Provided data:
•••

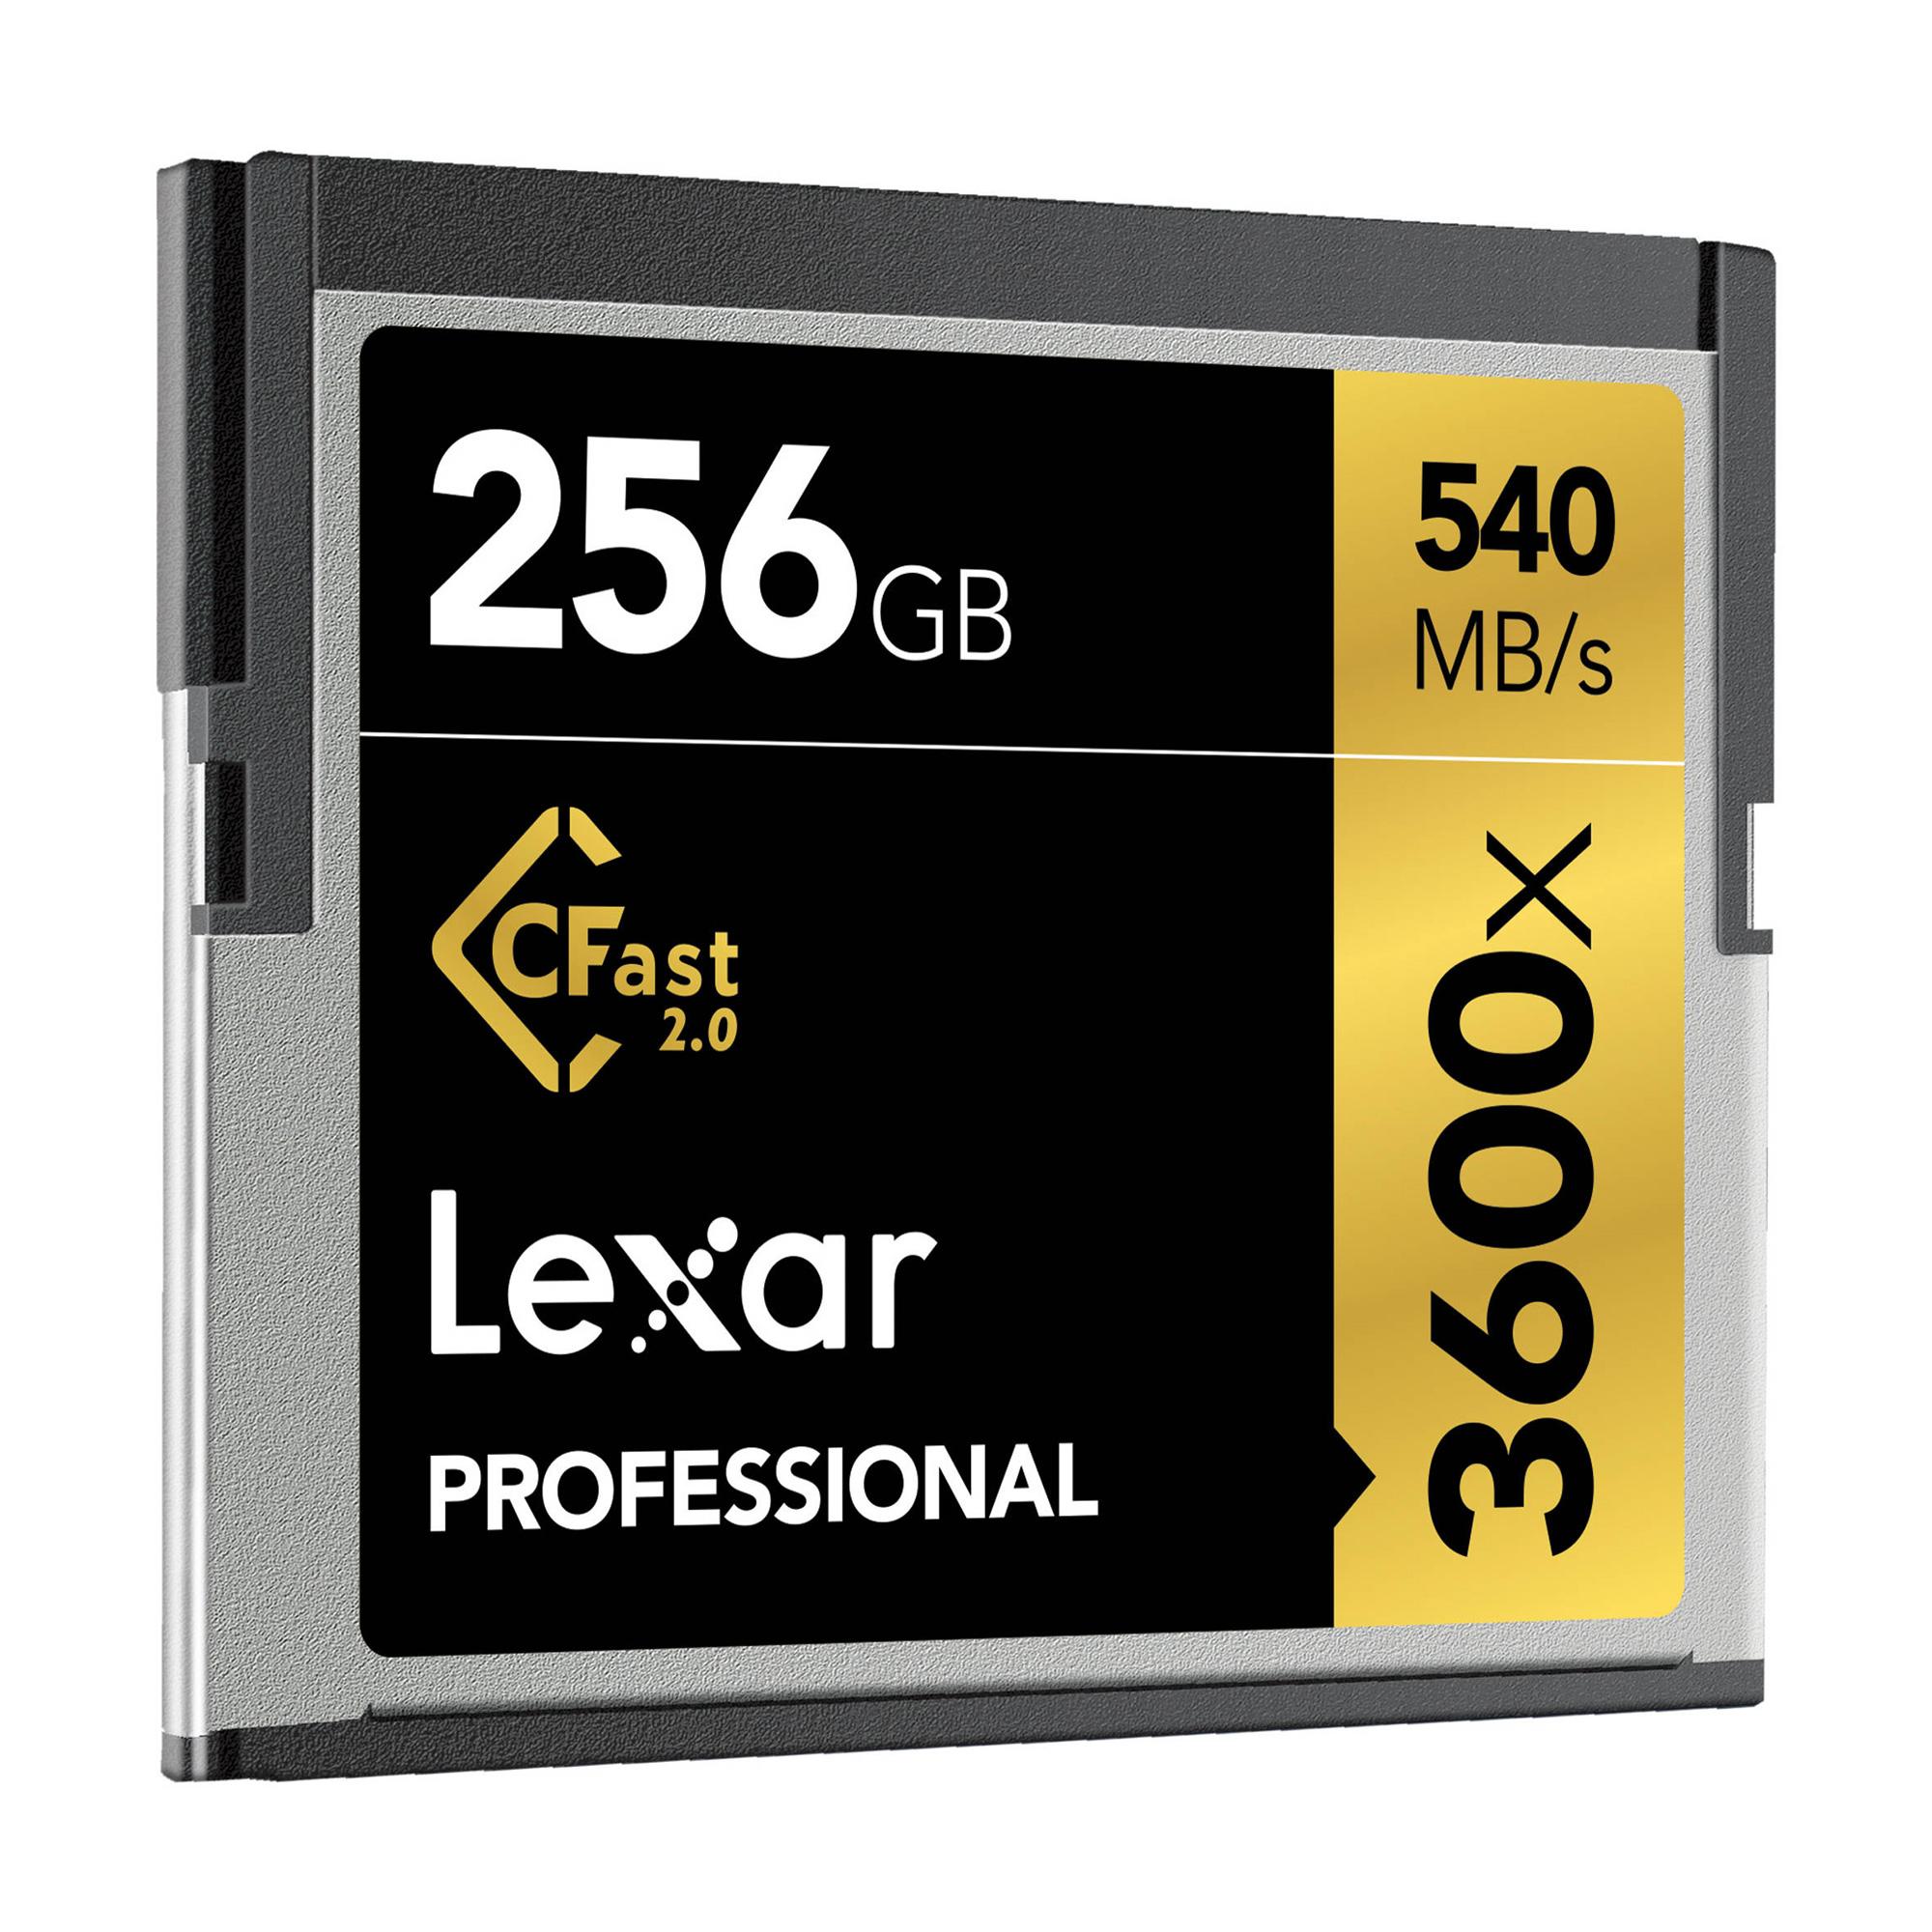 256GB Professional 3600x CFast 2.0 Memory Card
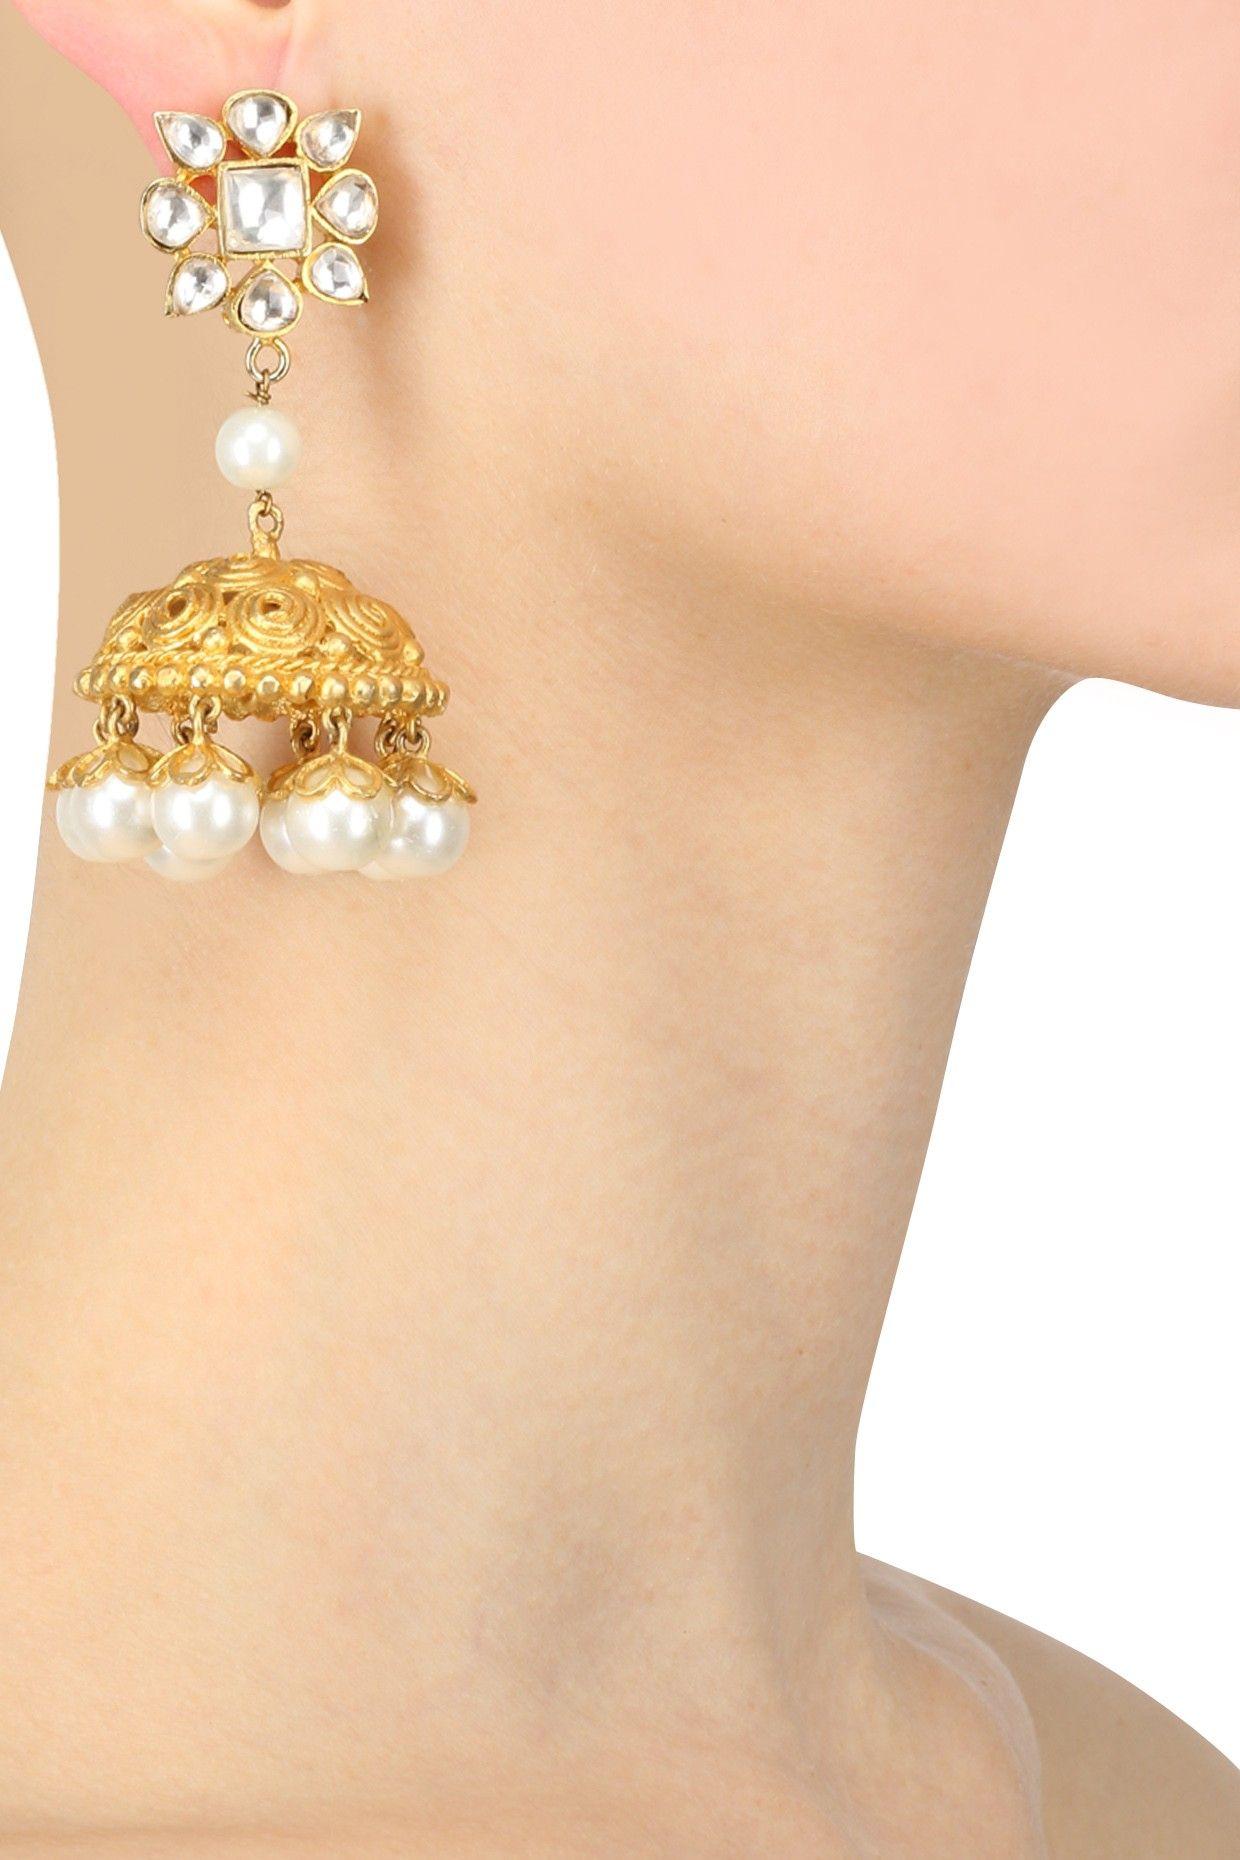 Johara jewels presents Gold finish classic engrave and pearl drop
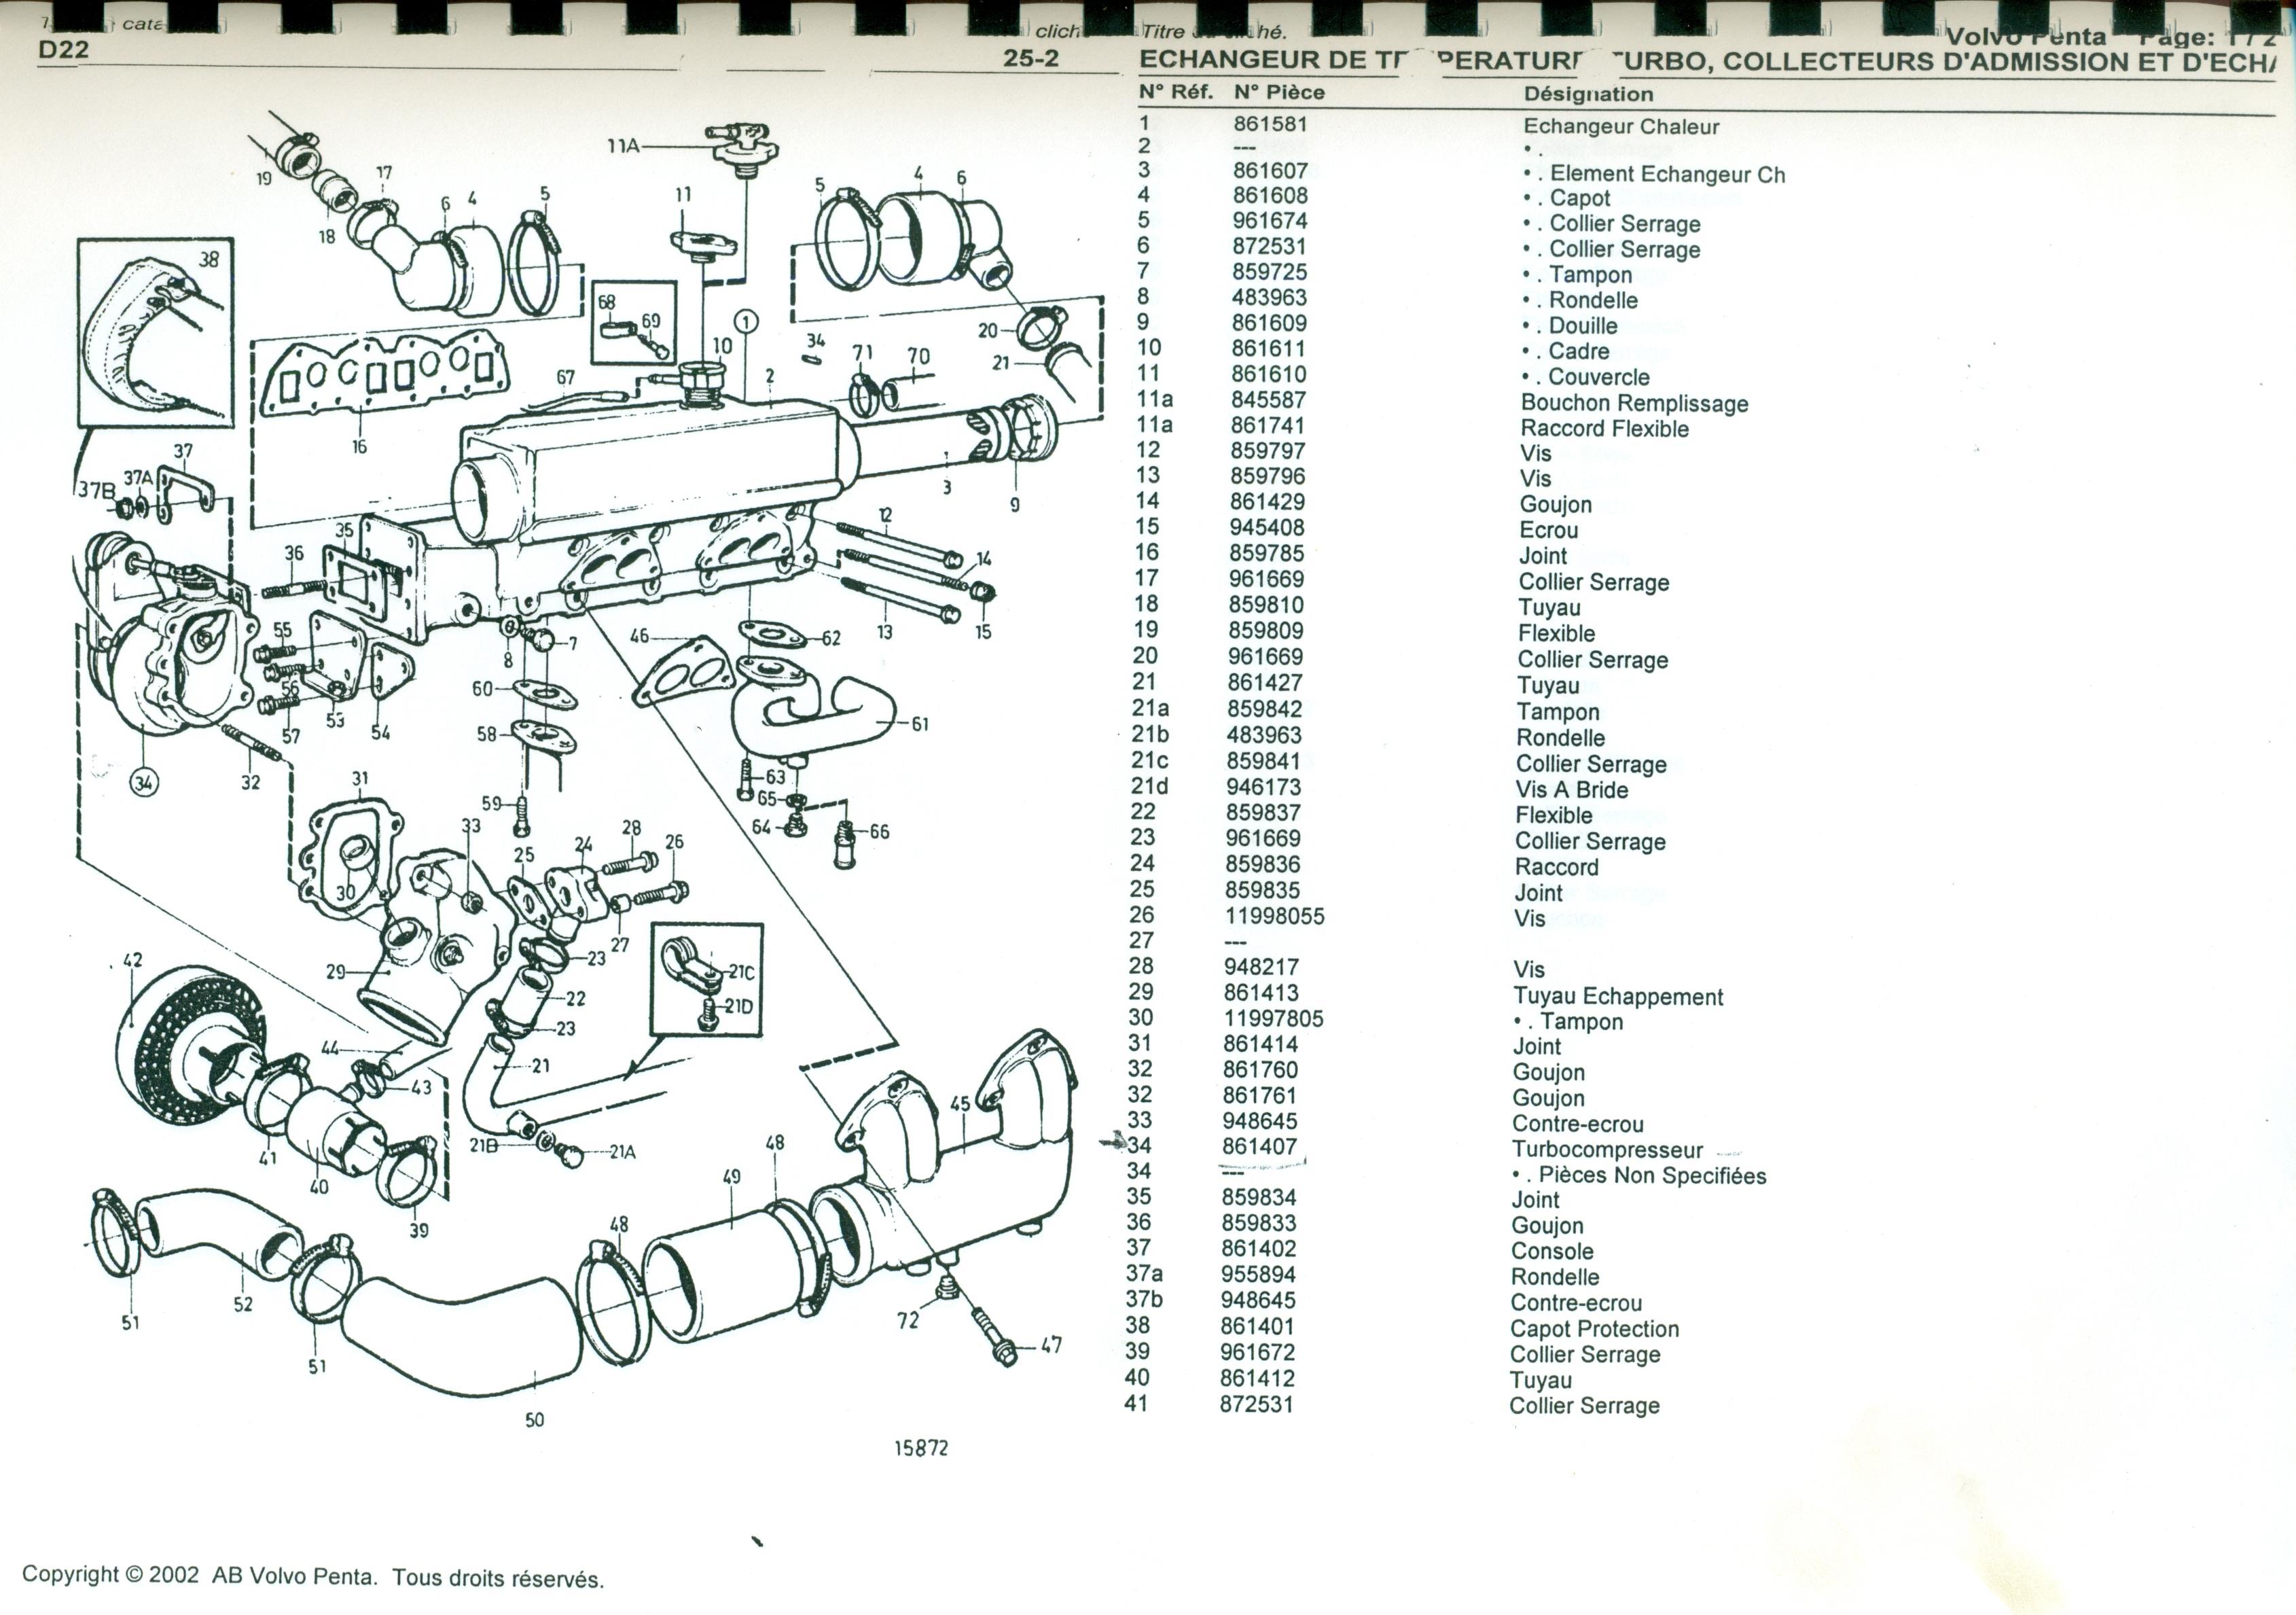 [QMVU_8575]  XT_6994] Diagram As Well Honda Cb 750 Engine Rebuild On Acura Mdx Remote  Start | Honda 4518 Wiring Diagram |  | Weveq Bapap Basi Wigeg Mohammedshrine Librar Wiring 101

•••

Task description:
Give an exact copy of the data, and omit any pictures it holds.

Solution to this exercise:
 256GB Professional 3600x CFast 2.0 Memory Card
 Johara jewels presents Gold finish classic engrave and pearl drop
 [QMVU_8575]  XT_6994] Diagram As Well Honda Cb 750 Engine Rebuild On Acura Mdx Remote  Start | Honda 4518 Wiring Diagram |  | Weveq Bapap Basi Wigeg Mohammedshrine Librar Wiring 101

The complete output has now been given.